◆ What is required ◆
Only the lines from the one containing "Camargue horses standing" through the end of the material should be printed, exactly as they appear. Leave out pictures.

◆ Exercise data ◆
-----
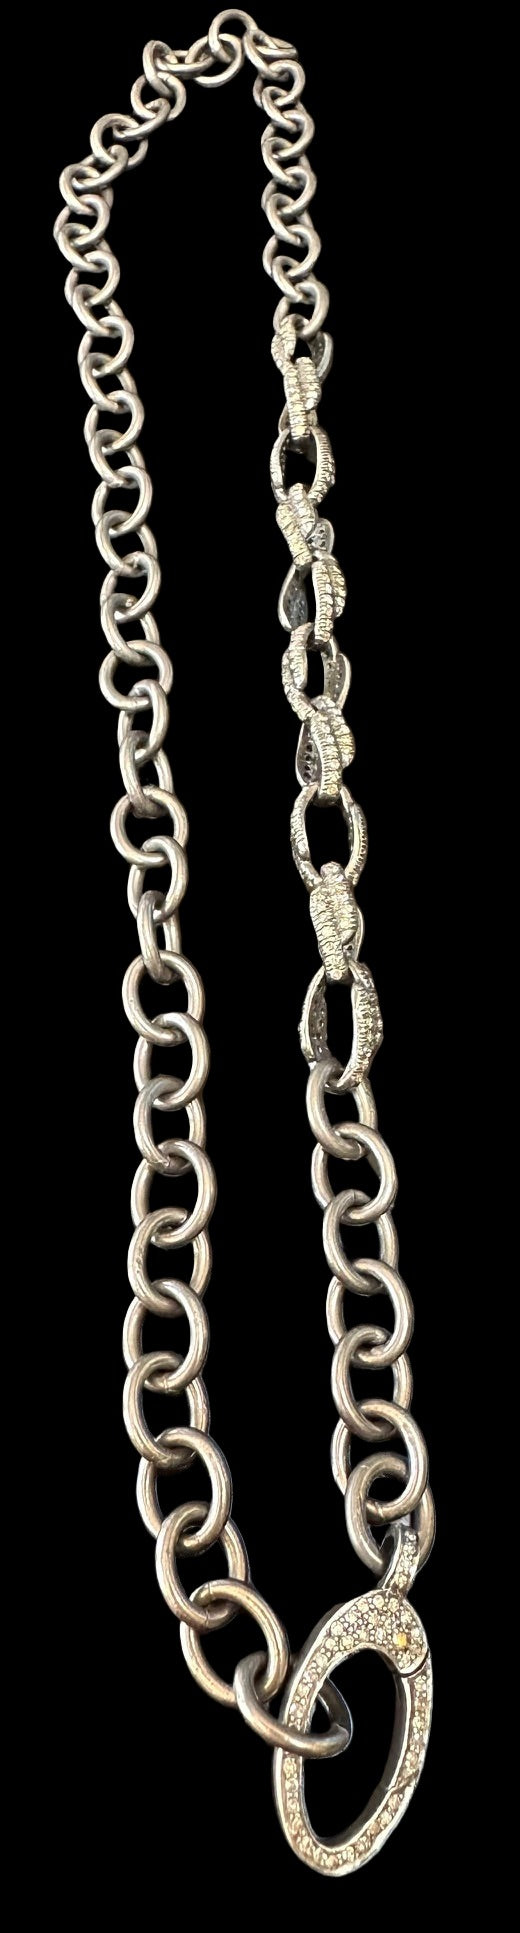 Diamond Links & Clasp Blackened Sterling Silver Necklace, 18"
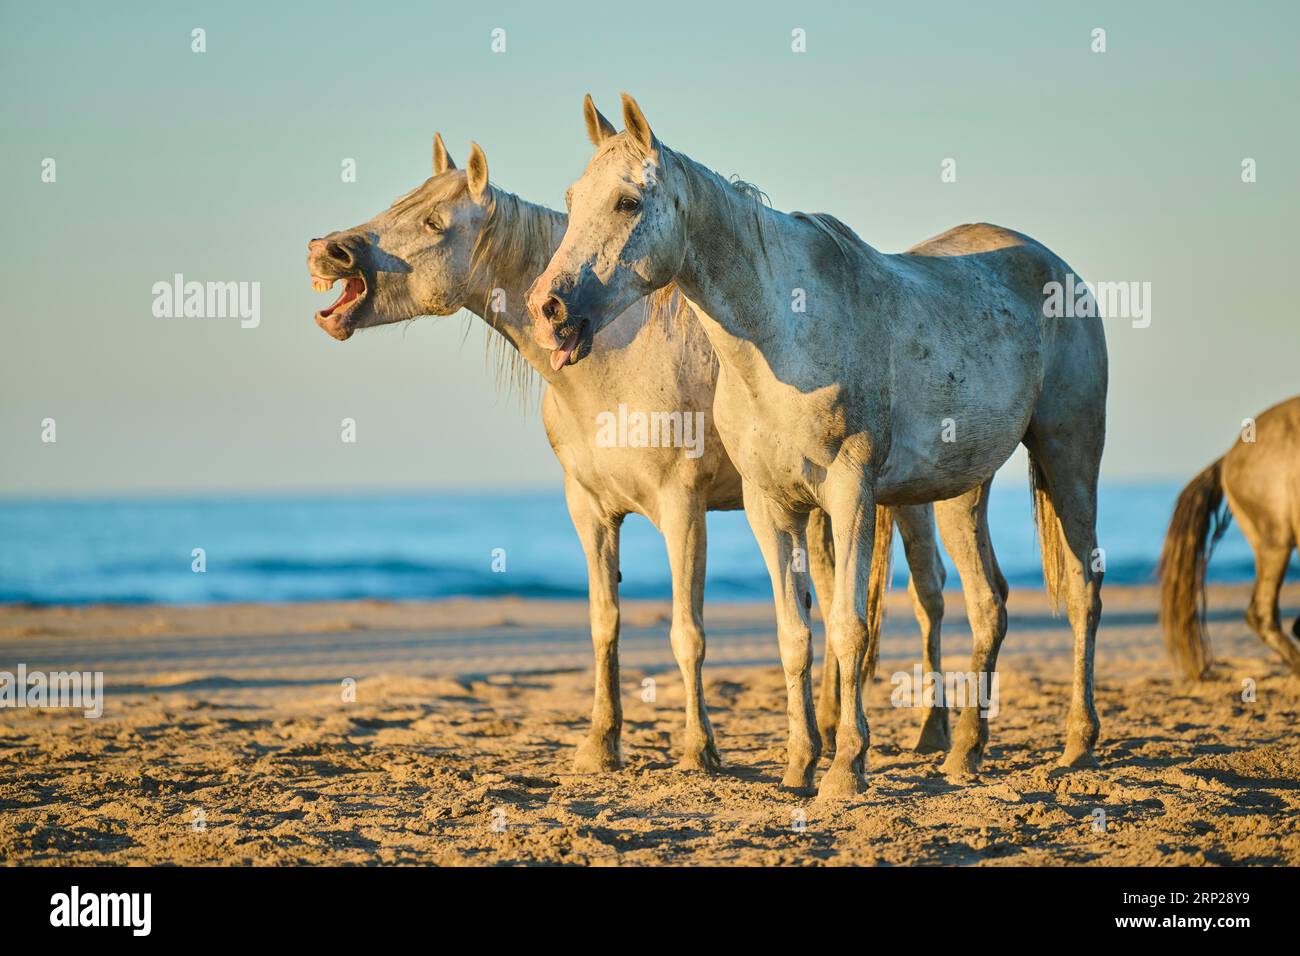 Camargue horses standing on a beach at sunrise, France Stock Photo
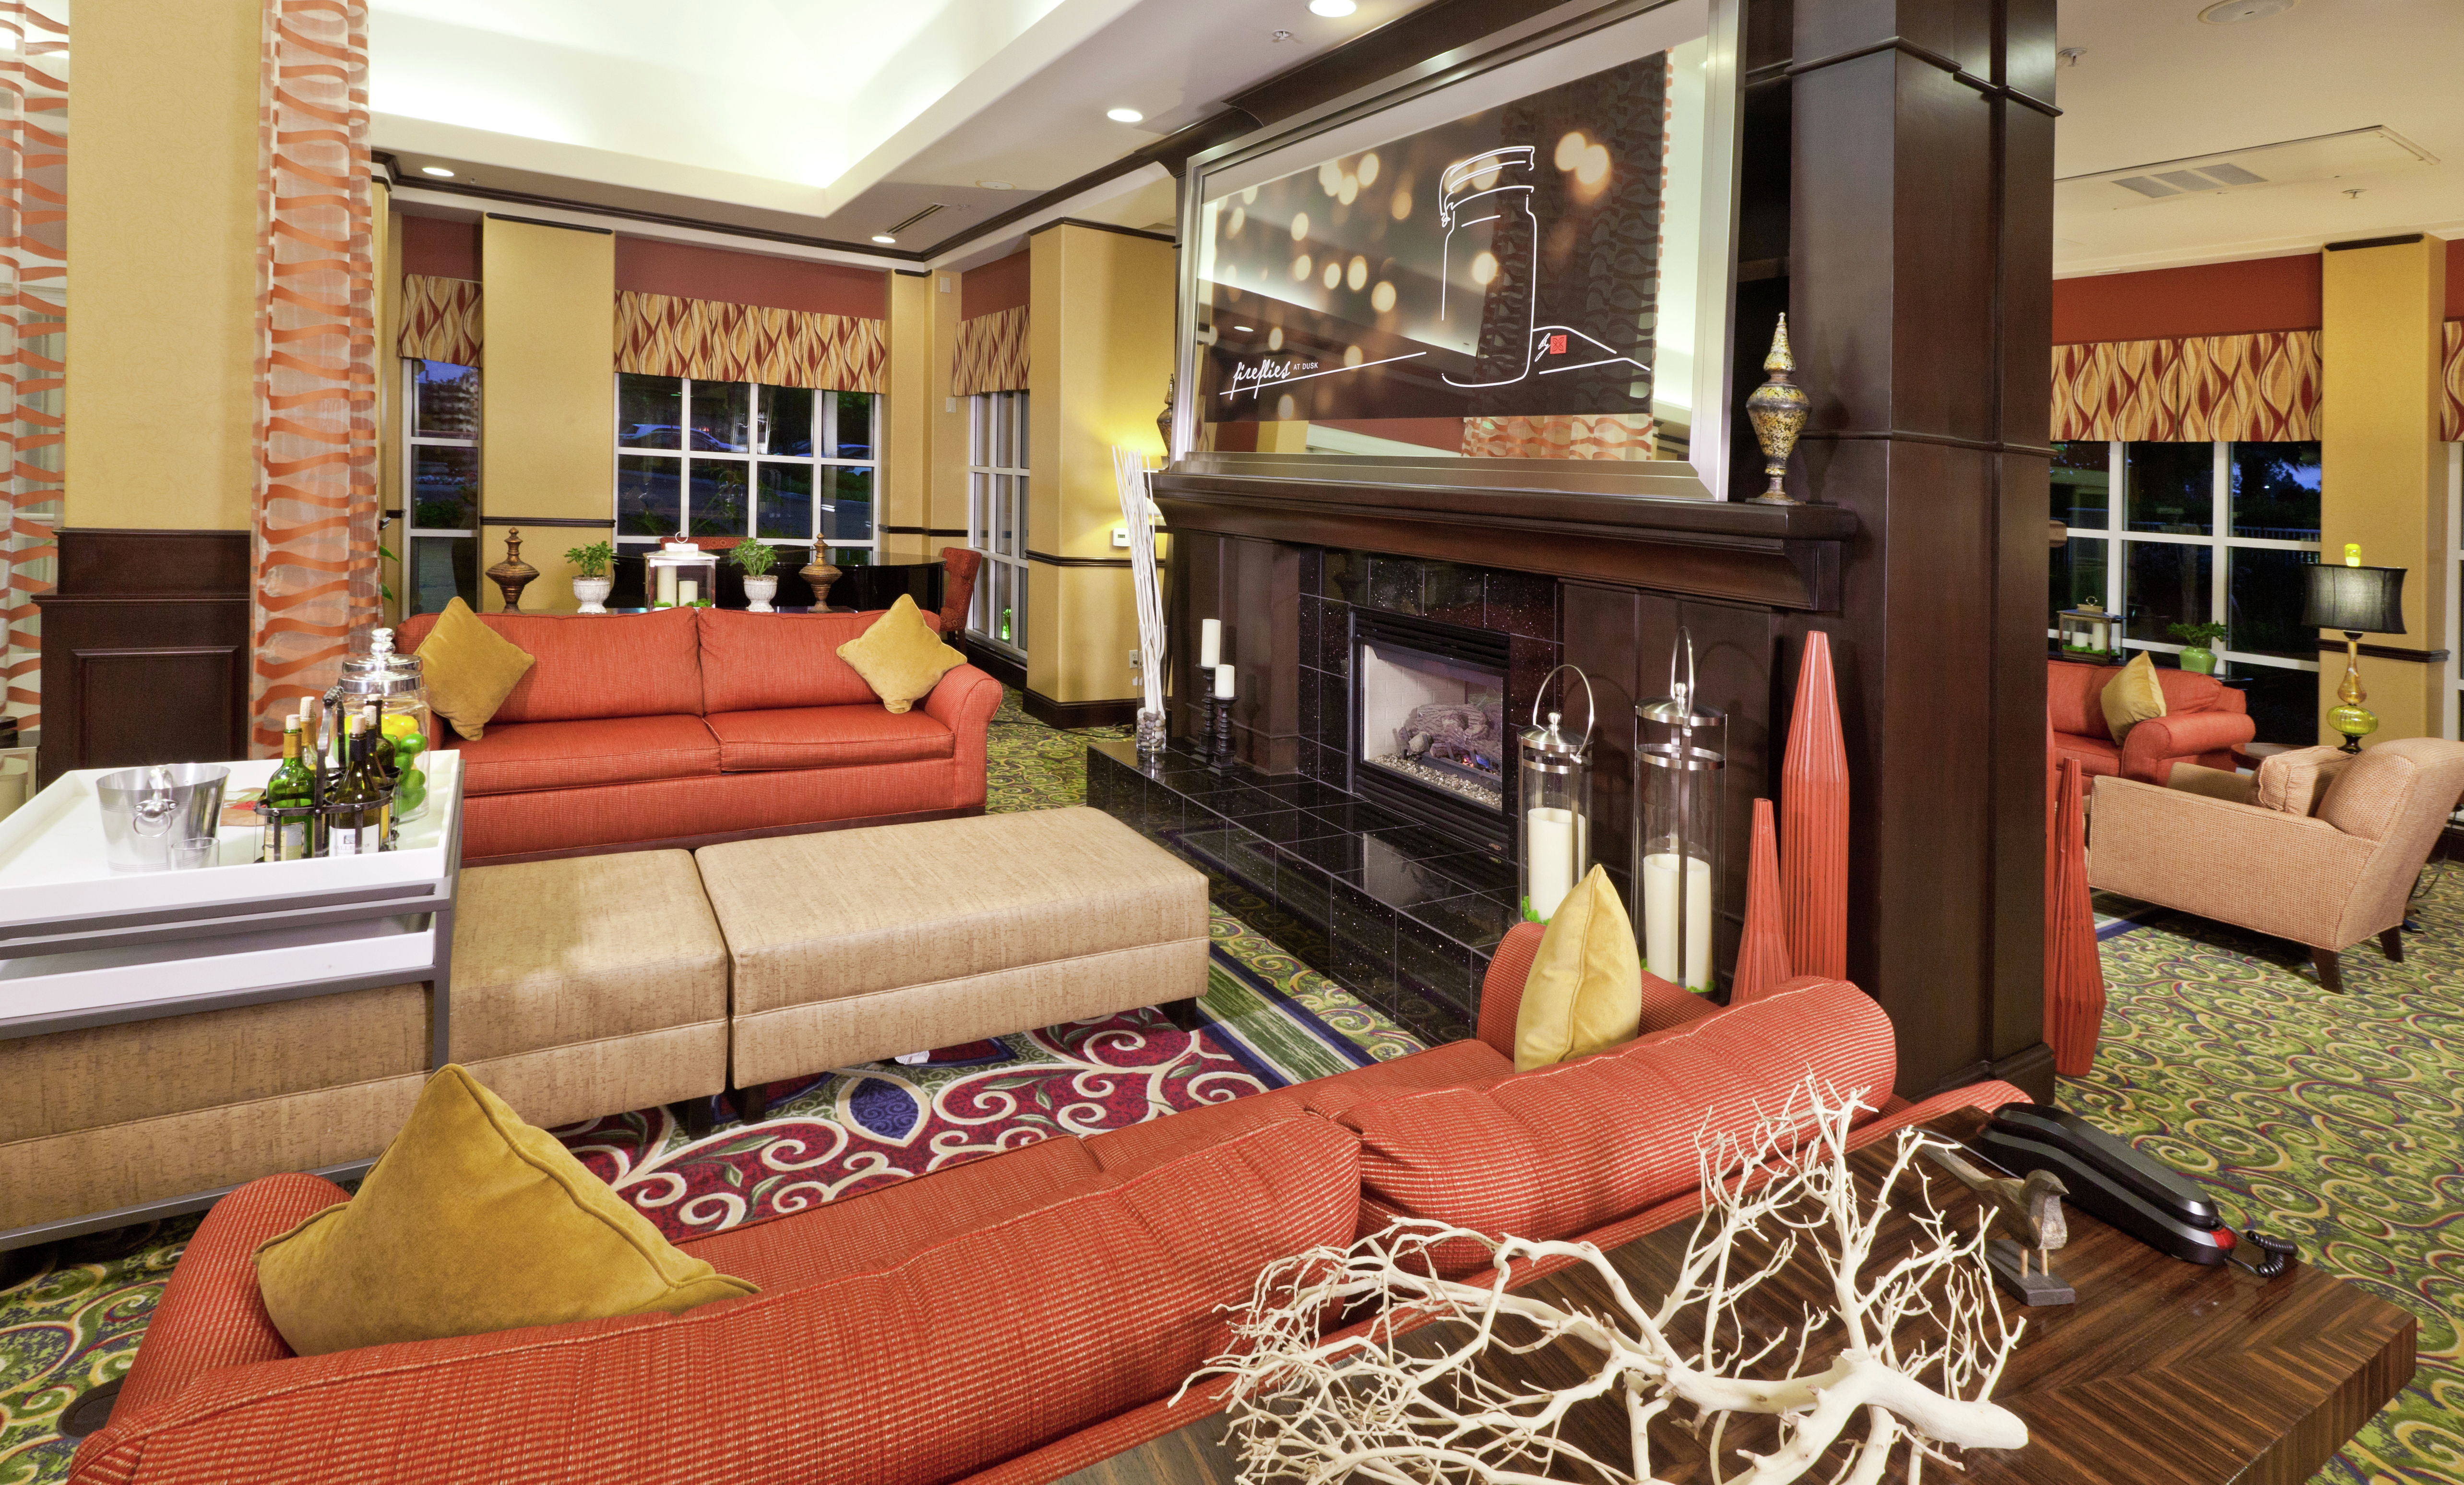 Lobby and Lounge Area with Fireplace
-----
◆ Answer box ◆
 Camargue horses standing on a beach at sunrise, France Stock Photo
 Lobby and Lounge Area with Fireplace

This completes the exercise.